C’est en 1112 que Bernard de Clairvaux (1090-1153), alors âgé de vingt-cinq ans, de noble famille, né à Fontaine (près de Dijon), décide d’aller à la rencontre de Dieu et de vivre dans l’ascèse monastique la plus rude. Il choisit de prendre l’habit de moine à Cîteaux. Trente compagnons, parents ou amis, le suivent dans sa retraite. Dès son arrivée, la communauté connait un prodigieux essor grâce à son extraordinaire rayonnement et à son action. La personnalité charismatique de Bernard, le maître spirituel incontesté de Cîteaux, marquera l'histoire de l'Ordre durant la première moitié du XIIe siècle et attirera de nombreux convertis. La communauté devient florissante et l’espace manque pour y loger les religieux. Il faut essaimer.
Quatre colonies sont créées presque en même temps aux extrémités de la Bourgogne. En 1113 c'est La Ferté-sur-Grosne au diocèse de Chalon-sur-Saône. En 1114 c'est Pontigny au diocèse d’Auxerre. En juin 1115, Bernard lui-même est envoyé avec douze de ses compagnons pour fonder, au diocèse de Langres, sur les terres d’un cousin châtillonnais, près de Laferté-sur-Aube, l’abbaye de Clairvaux. En même temps part une autre colonie monastique pour fonder l’abbaye de Morimond, également au diocèse de Langres. La Ferté, Pontigny, Clairvaux et Morimond seront les quatre « filles de Cîteaux » dont sortiront les rameaux de l’Ordre cistercien. L'influence de Bernard dans l'expansion de l'Ordre est décisive. Les quatre filles de Cîteaux ont leurs filiales, mais de Clairvaux nait le plus grand rameau de l’Ordre. À la mort de Bernard, trois cent quarante-et-une maisons, filiales de Clairvaux sont établies. L’Ordre de Cîteaux gagne toute l'Europe : dans les provinces françaises, en Angleterre, en Allemagne, en Bohême, franchissant les Alpes et les Pyrénées. L'Ordre comptera jusqu'à sept cent soixante-deux monastères.

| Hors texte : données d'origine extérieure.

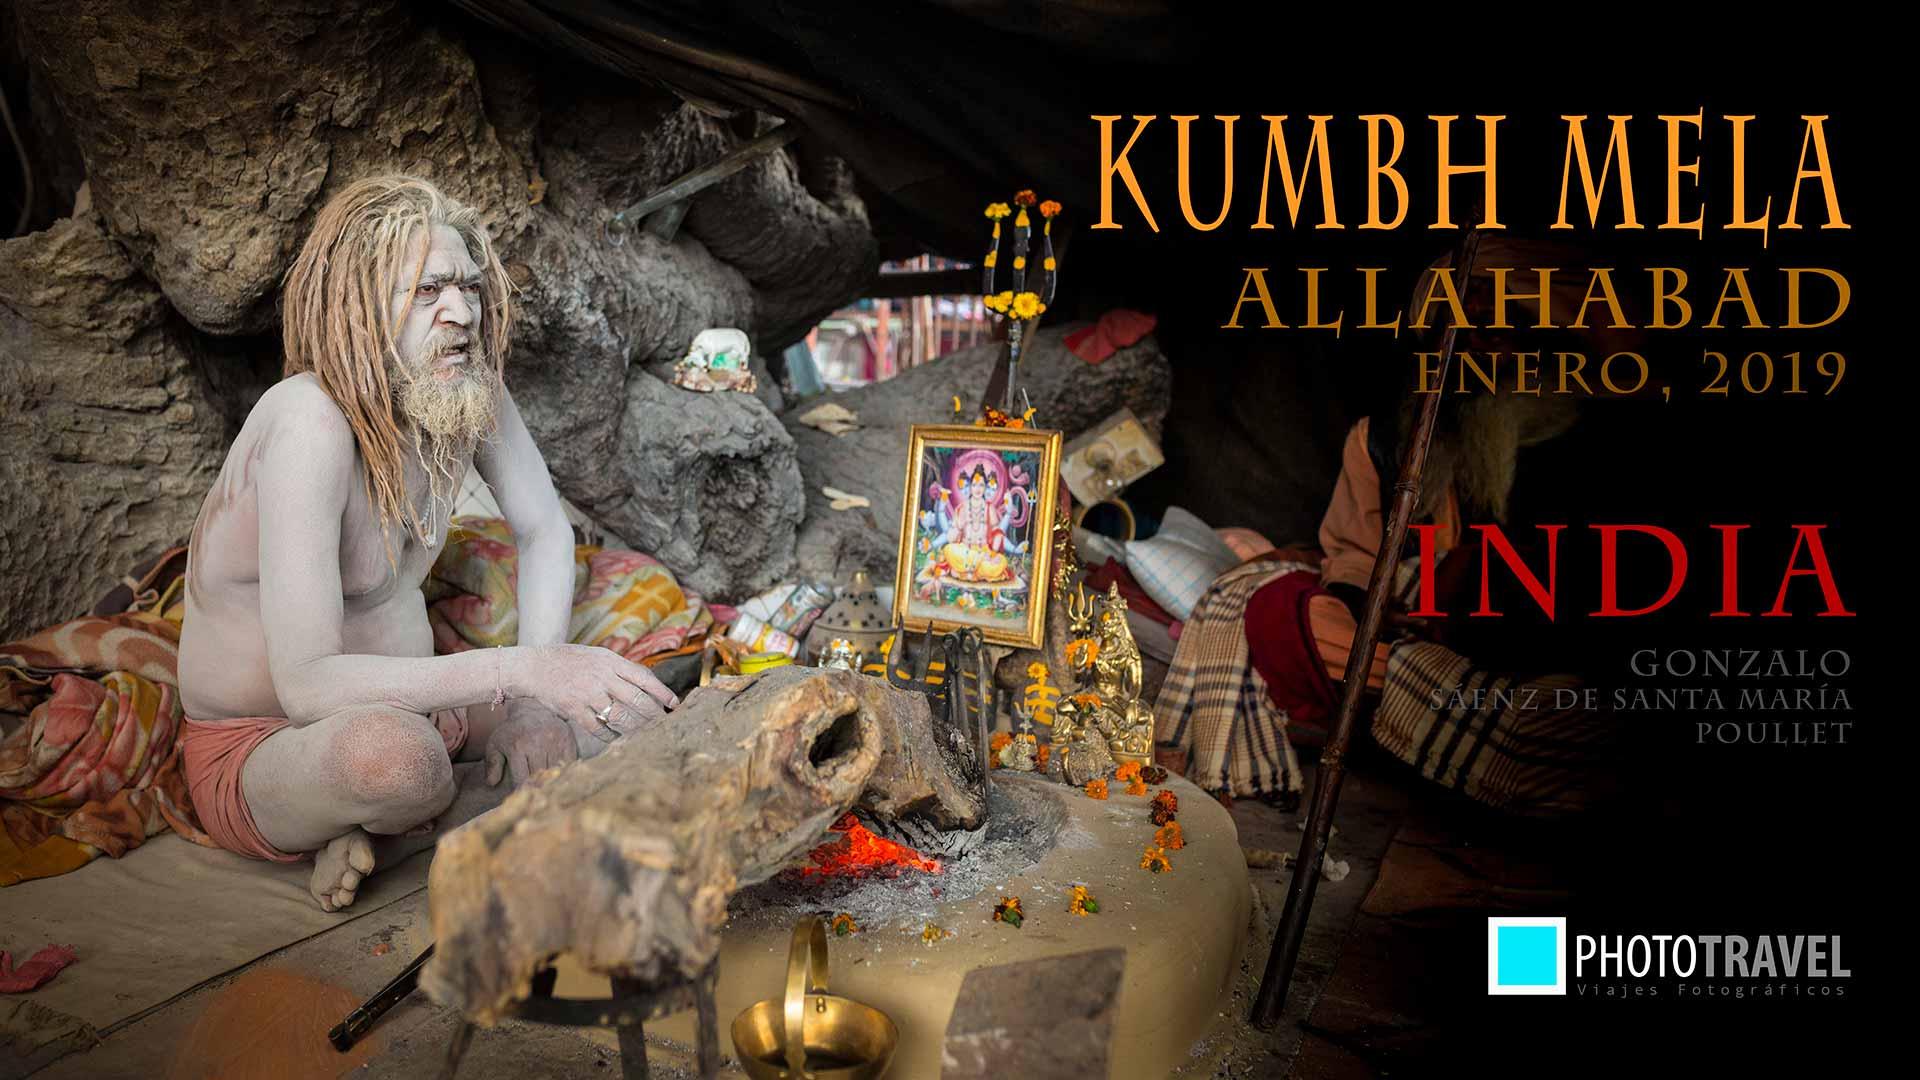 viaje-fotografico-Kumbh-mela

Les premiers moments des fondateurs sont difficiles. Les forces nécessaires à la mise en valeur des terres dépassent celles qu’ils ont à offrir. Les disciples de Robert souffrent d’une pauvreté extrême et suscitent par leur total dénuement charité et miséricorde. Eudes Ier fait preuve de générosité et le pape Pascal II accorde, par la bulle Desiderium quod du 19 octobre de l’année 1100, sa protection au « Nouveau Monastère ». Le duc de Bourgogne fournit aux moines de grands biens pour la construction et cède de nouveaux fonds pour la nourriture et l’entretien des religieux. Ce soutien permanent l’a fait regarder comme le fondateur de cette « Abbaye». Mais les difficultés d’approvisionnement en eau du site initialement choisi obligent Aubry, († 26 janvier 1109), successeur de Robert après juillet 1099, et sa communauté à s’installer deux kilomètres plus au sud, où ils construisent, sans doute toujours grâce à la générosité d’Eudes, de nouveaux bâtiments dont une chapelle, qui prendra plus tard le nom de chapelle saint-Edme. Construite en pierre, elle est dédiée à Notre-Dame par Gauthier, évêque de Chalon-sur-Saône, le 16 novembre 1106. Plus tard, une basilique est construite à une date que l’on place entre 1130 et 1150. Les érudits émettent l’hypothèse que la mise en place, dans une châsse, en 1124, du cœur du pape Calixte II pourrait marquer le début des travaux. Cette basilique est consacrée à la Vierge le 17 octobre 1193 par Robert, évêque de Chalon-sur-Saône. Les destructions révolutionnaires n’en ont rien laissé.
En 1109, Étienne Harding, (1060-1134) moine d’origine anglaise, homme intelligent, érudit, habile organisateur et administrateur expérimenté, qui fut du groupe des fondateurs de 1098, est élu troisième abbé du Nouveau Monastère à la mort de l’abbé Aubry (26 janvier 1109). Aux problèmes de pauvreté auxquels il doit faire face, s’ajoutent les trop rares vocations, découragées par une réputation de trop grande austérité. La communauté voit fondre ses effectifs : « […] et touchaient aux portes du désespoir parce qu’ils croyaient devoir rester sans successeurs. […] ». Harding comprend qu’il doit accepter un quotidien moins extrême pour attirer de nouveaux postulants.